# Caveat Emptor



## tailgunner (17 Oct 2013)

Mislaid Ryanair boarding pass on return leg abroad at airport.Had to pay 80 euro for a copy of same.grrrrrr.When i contacted my travel insurance  company multitrip.com they informed me that because I didnot report same to police my claim cannot be entertained.see small print.Hope this helps someone in future


----------



## Lightning (17 Oct 2013)

Challenge them. Put forward a defence as to why you do not report it. Did you have time, at the airport, to report it? etc. 

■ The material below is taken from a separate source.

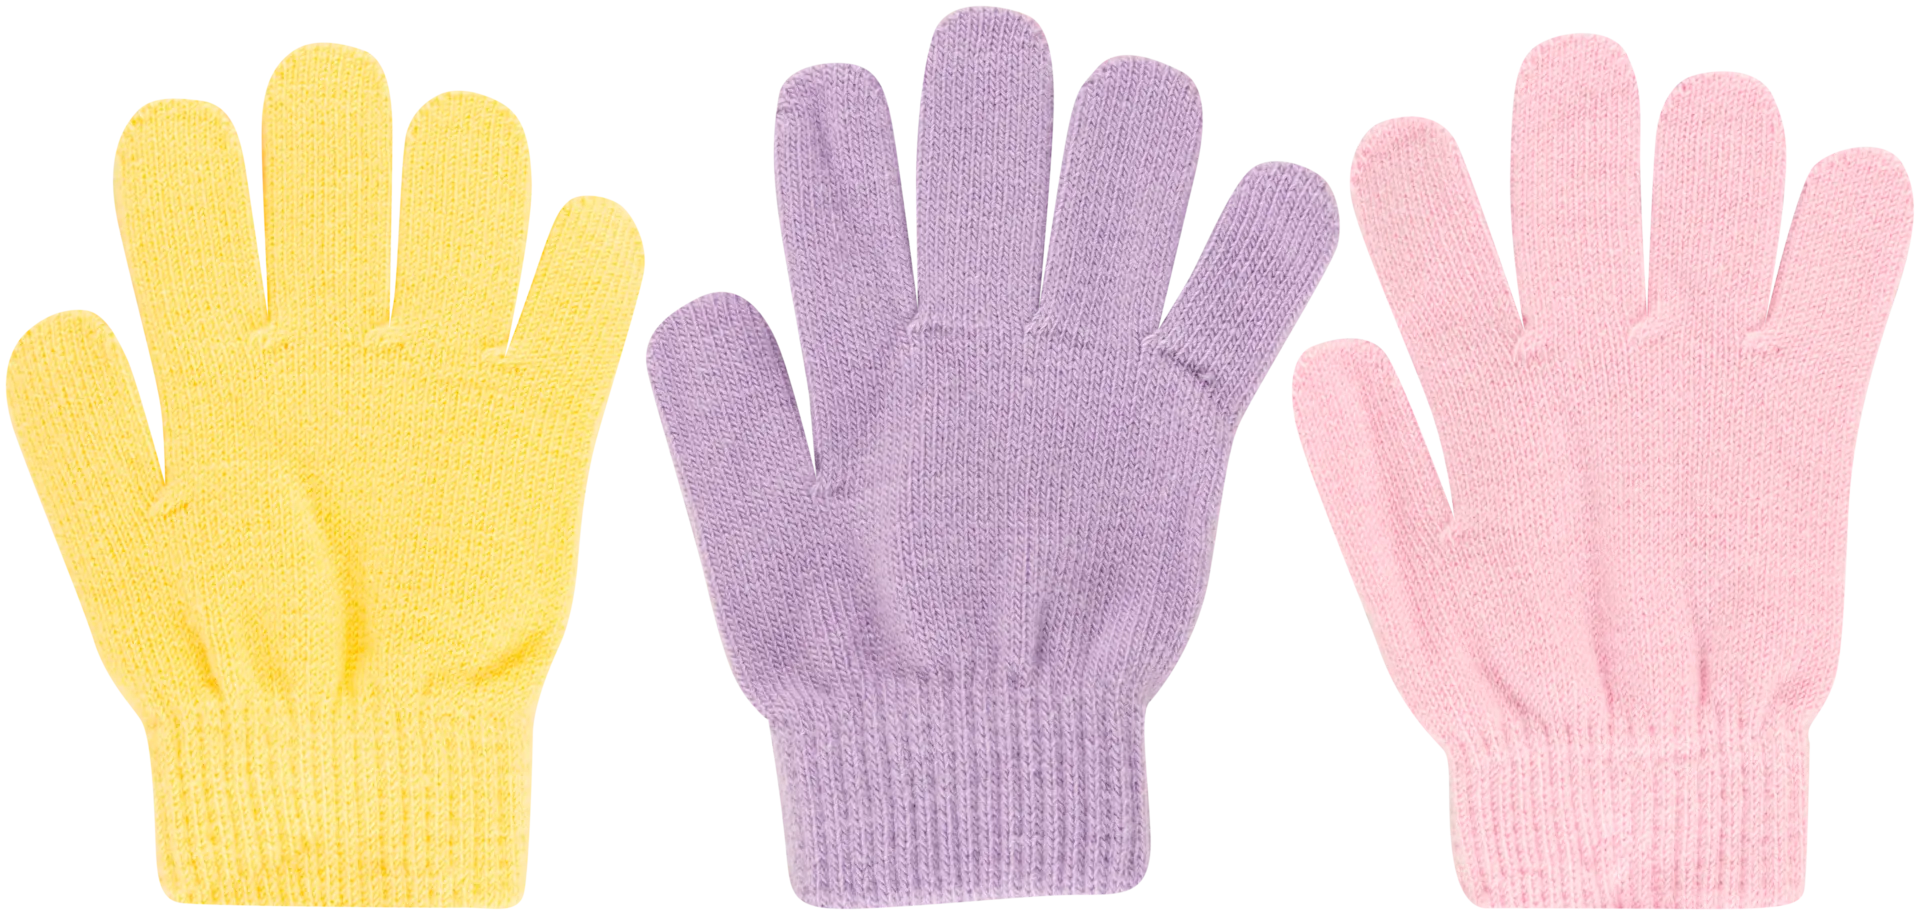 Lasten stretch-sormikkaat 3-pack 237C082410 - Lilac/yellow/pink - 1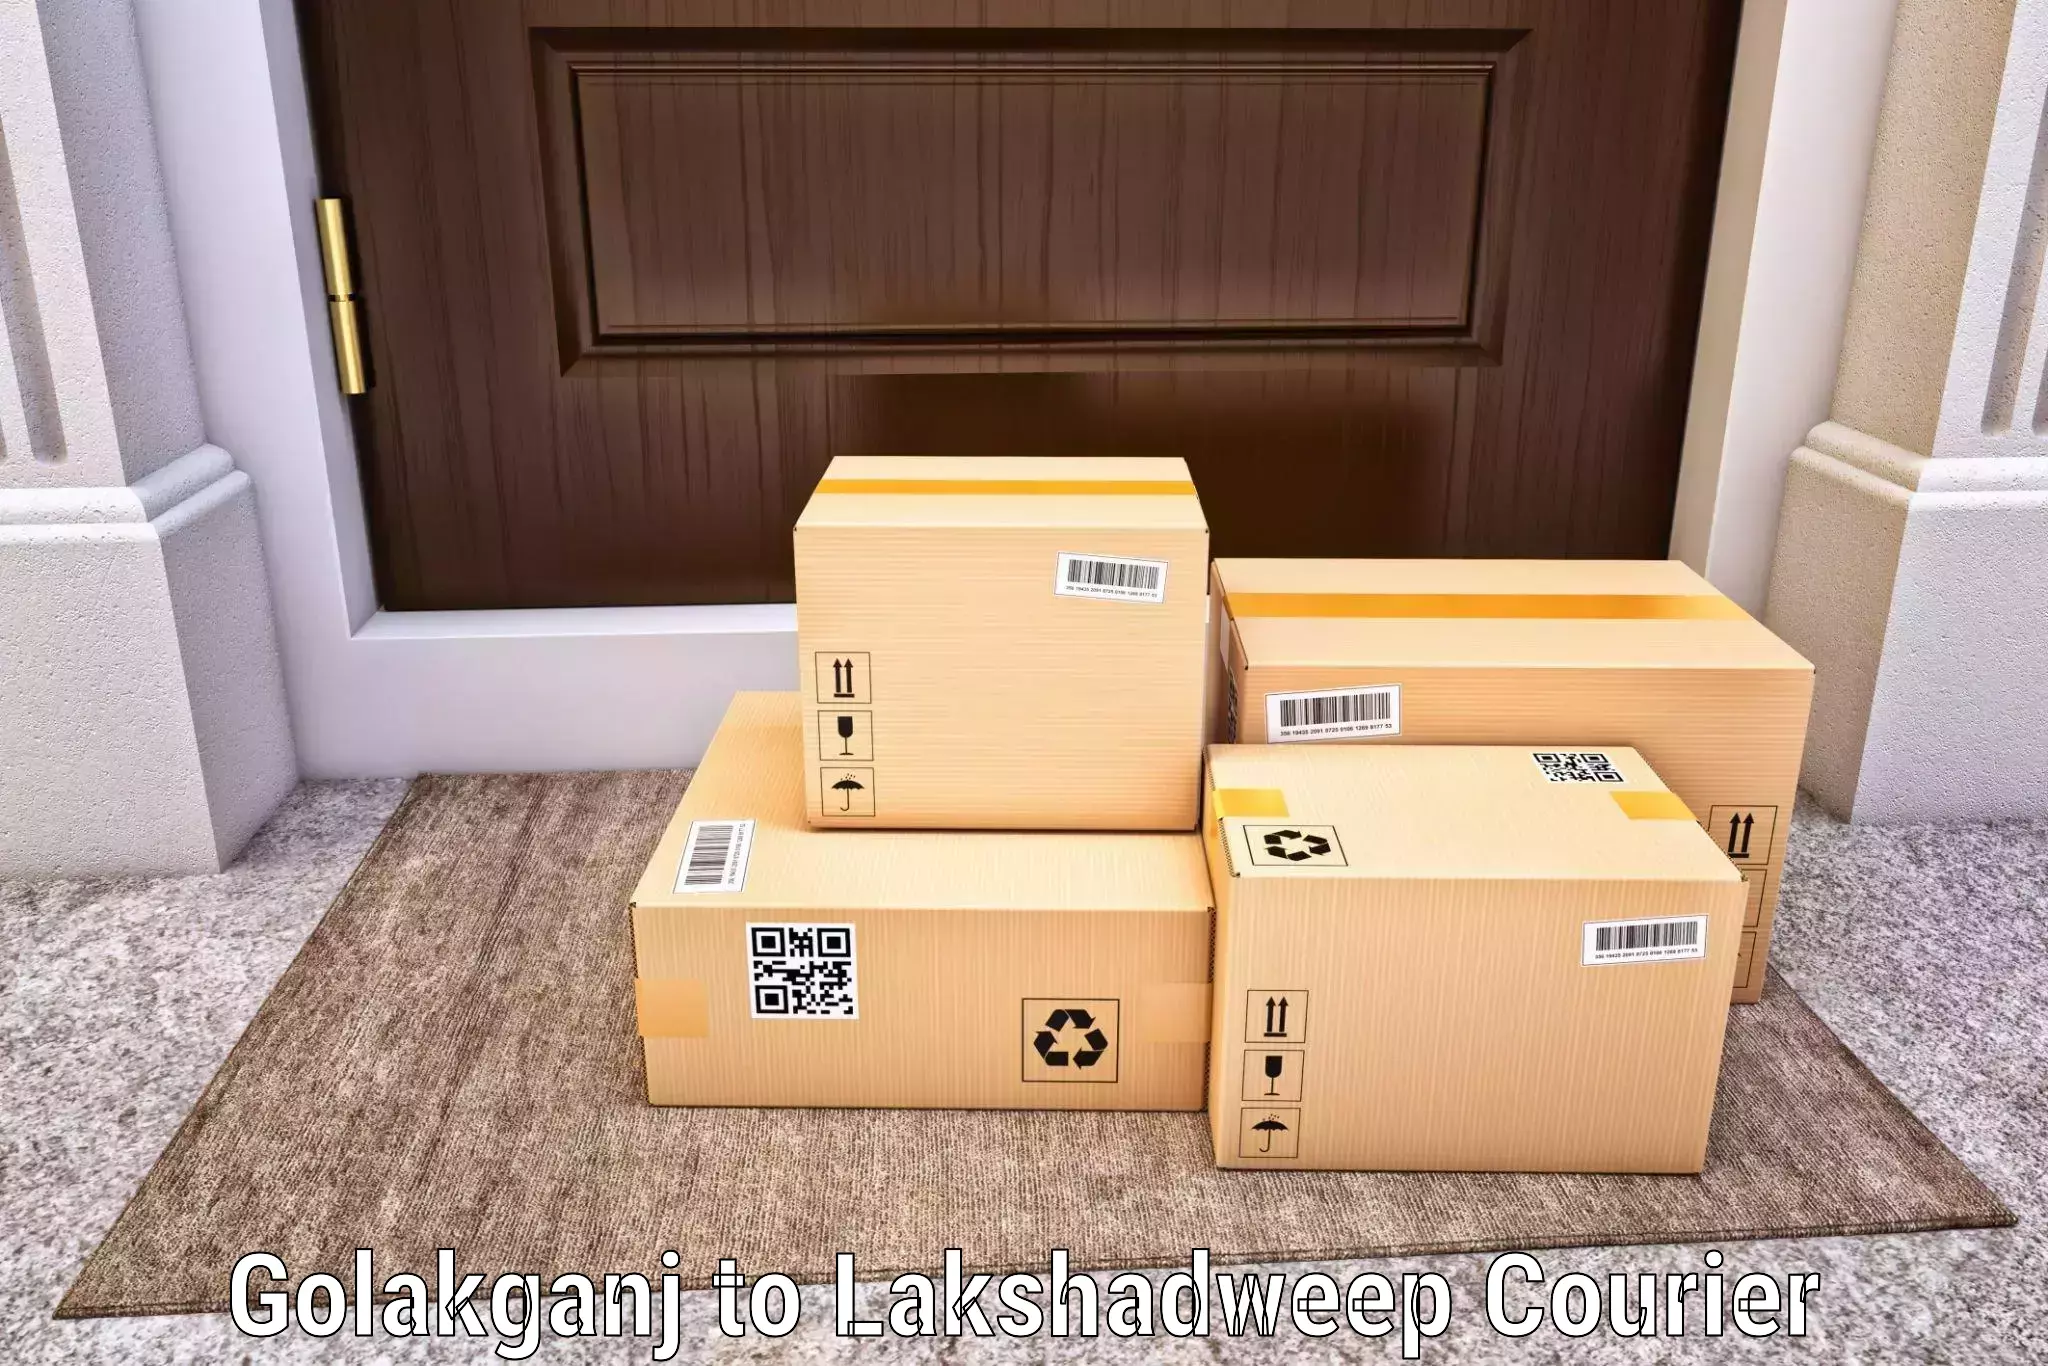 Efficient parcel service in Golakganj to Lakshadweep

All insurance companies make you jump through several hoops before paying out.


----------



## Bronte (18 Oct 2013)

tailgunner said:


> .When i contacted my travel insurance company multitrip.com they informed me that because I didnot report same to police my claim cannot be entertained.see small print.


 
That's a crazy response. Why on earth would anyone report the fact they'd mislaid or lost their boarding pass to police. It would be a complete waste of police time. Are they going to put it into the Pulse system and go looking for it.  And would your insurance company need a report from the police.


----------



## GDUFFY (18 Oct 2013)

Open a free Dropbox.com account and scan all passports, and travel documents, hotel bookings, car hire details, driving license etc.and upload them.
Also save a pdf of your boarding passes on dropbox so you can print at short notice from anywhere in the world with an internet connection and printer.
Its very useful as a virtual wallet to store info.(any document ,or anything you can take a photo of , or scan to upload)


----------



## Bronte (18 Oct 2013)

GDUFFY said:


> Open a free Dropbox.com account and scan all passports, and travel documents, hotel bookings, car hire details, driving license etc.and upload them.
> Also save a pdf of your boarding passes on dropbox so you can print at short notice from anywhere in the world with an internet connection and printer.
> Its very useful as a virtual wallet to store info.(any document ,or anything you can take a photo of , or scan to upload)


 
That's all sounds great, but how do you print it at the airport?


----------



## GDUFFY (18 Oct 2013)

Most, if not all airports have an internet /printing facility on site 

[broken link removed]


----------